Tancredo-1
- Mission type: Geoscience Technology
- Operator: INPE EMTAN
- COSPAR ID: 1998-067KT
- SATCAT no.: 41931
- Mission duration: 4 months

Start of mission
- Launch date: December 9, 2016. Orbit since January 16, 2017
- Rocket: H-IIB/Kounotori 6
- Launch site: Japan Yoshinobu Launch Complex, Tanegashima Space Center

End of mission
- Decay date: October 18, 2017

Orbital parameters
- Reference system: Geocentric
- Regime: Low Earth
- Eccentricity: 0,0008418
- Periaag altitude: 383 km
- Apoaag altitude: 394 km
- Inclination: 51,64°
- Period: 92,32 min

= Tancredo-1 =

Brazilian satellite

Tancredo-1 was a Brazilian picosatellite. It was a TubeSat which was developed by the students from the school Tancredo Almeida Neves, in Ubatuba (state of São Paulo), with support for the picosat platform made by Instituto Nacional de Pesquisas Espaciais (INPE), adapting and integration to launch provided by TuPOD from Italian company GAUSS Srl and by Agência Espacial Brasileira (AEB).

== Project ==
The idea was proposed by math teacher Cândido Oswaldo de Moura and initially developed by Emerson Issao Yaegashi, it was inspired by Super Interessante Magazine in Brazil and in a video called "TubeSats" and kits to build personal satellites developed by the company Interorbital Systems, in the United States.
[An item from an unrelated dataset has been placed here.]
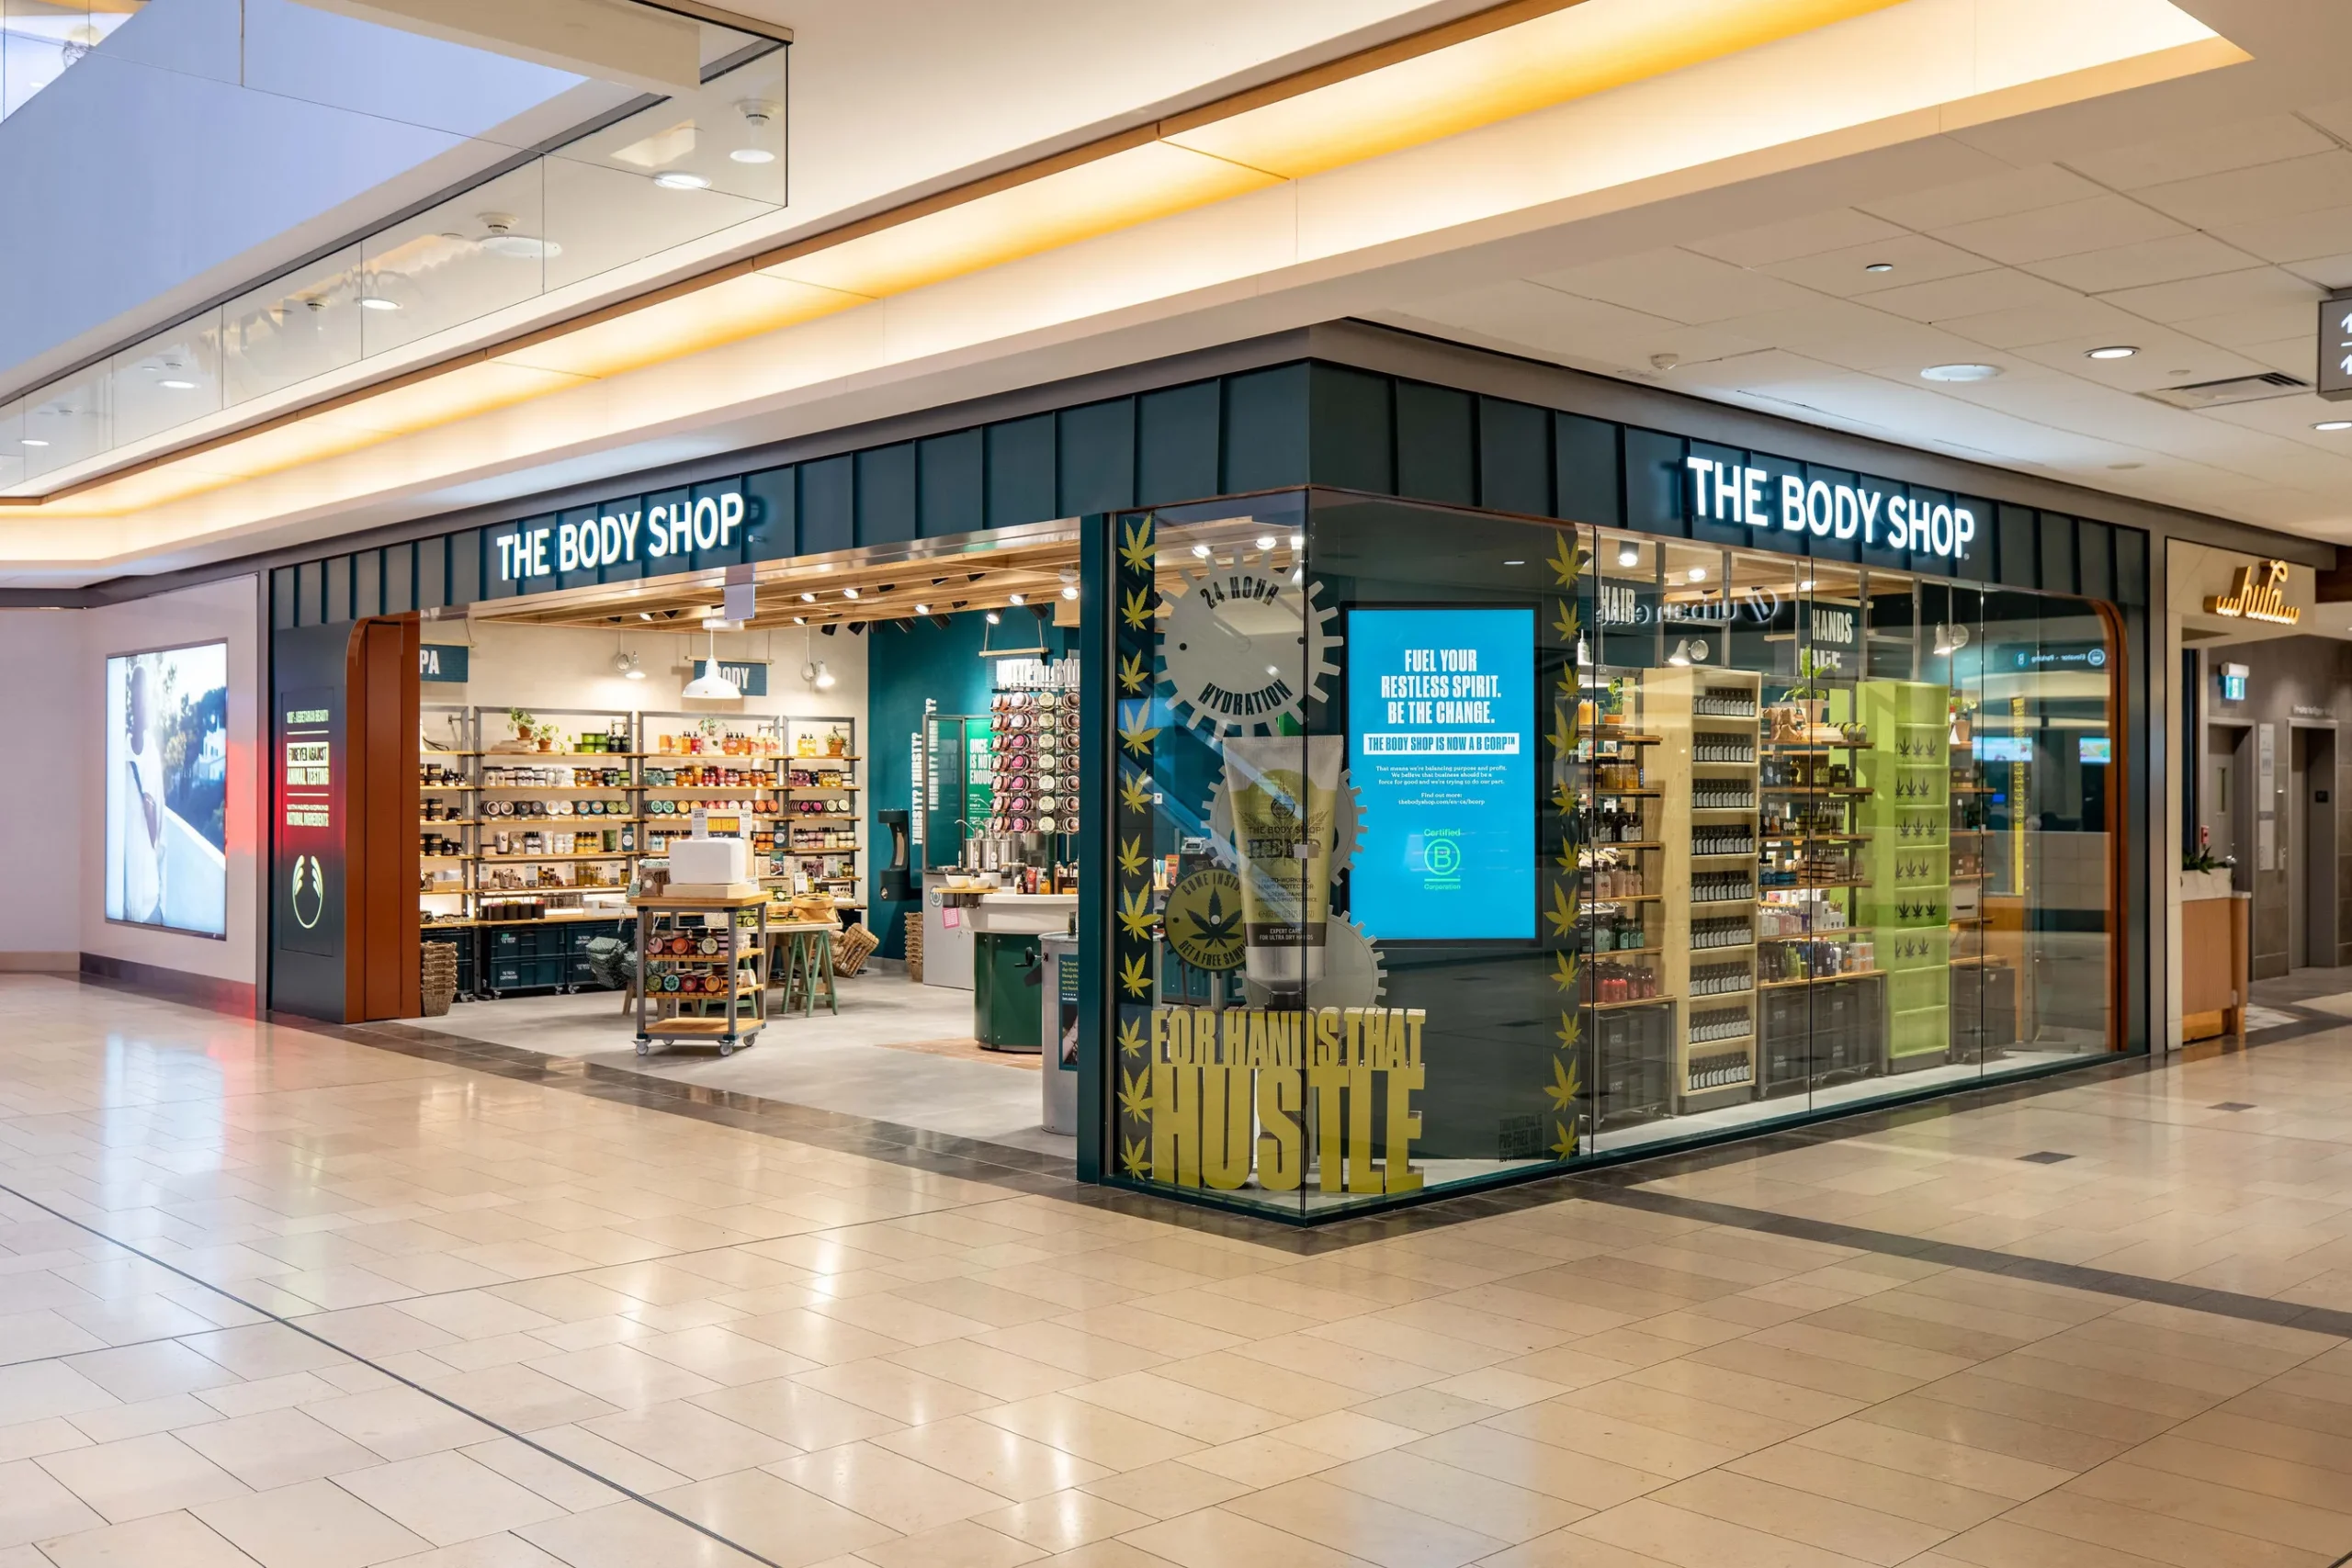 Beauty Giant's US Exit: The Body Shop Shuts Doors, Sparks Talks on Ethical Shopping's Future

To start the project, the teacher contacted the Instituto Nacional de Pesquisas Espaciais (INPE), where, later, he was followed by another teacher to receive training and be able to help the students. The material to construct the satellite sponsored by a salesclerk of Ubatuba and the launch was possible with help of AEB. The satellite was named “Tancredo-1” after the school.

== Characteristics ==
The picosatellite was 13 cm long and has a mass of 570 grams. It had five plaques in its structure. Solar arrays in the cylinder were responsible for powering the components of Tancredo-1. Some space existed inside the satellite that could be used for small scientific experiments in space, in the case of Tancredo-1, two payloads were used: one voice recorder for radio-amateurs, educational payload and one simplified Langmuir probe to study the formation of plasma bubbles in the ionosphere. The Langmuir probe was made by National Institute for Space Research. The platform tubesat passed by a total re-engineering from the work to Mestrado em Engenharia de Sistemas Espaciais Eng. Auro Tikami from INPE with orientation of Walter Abrahão dos Santos – INPE.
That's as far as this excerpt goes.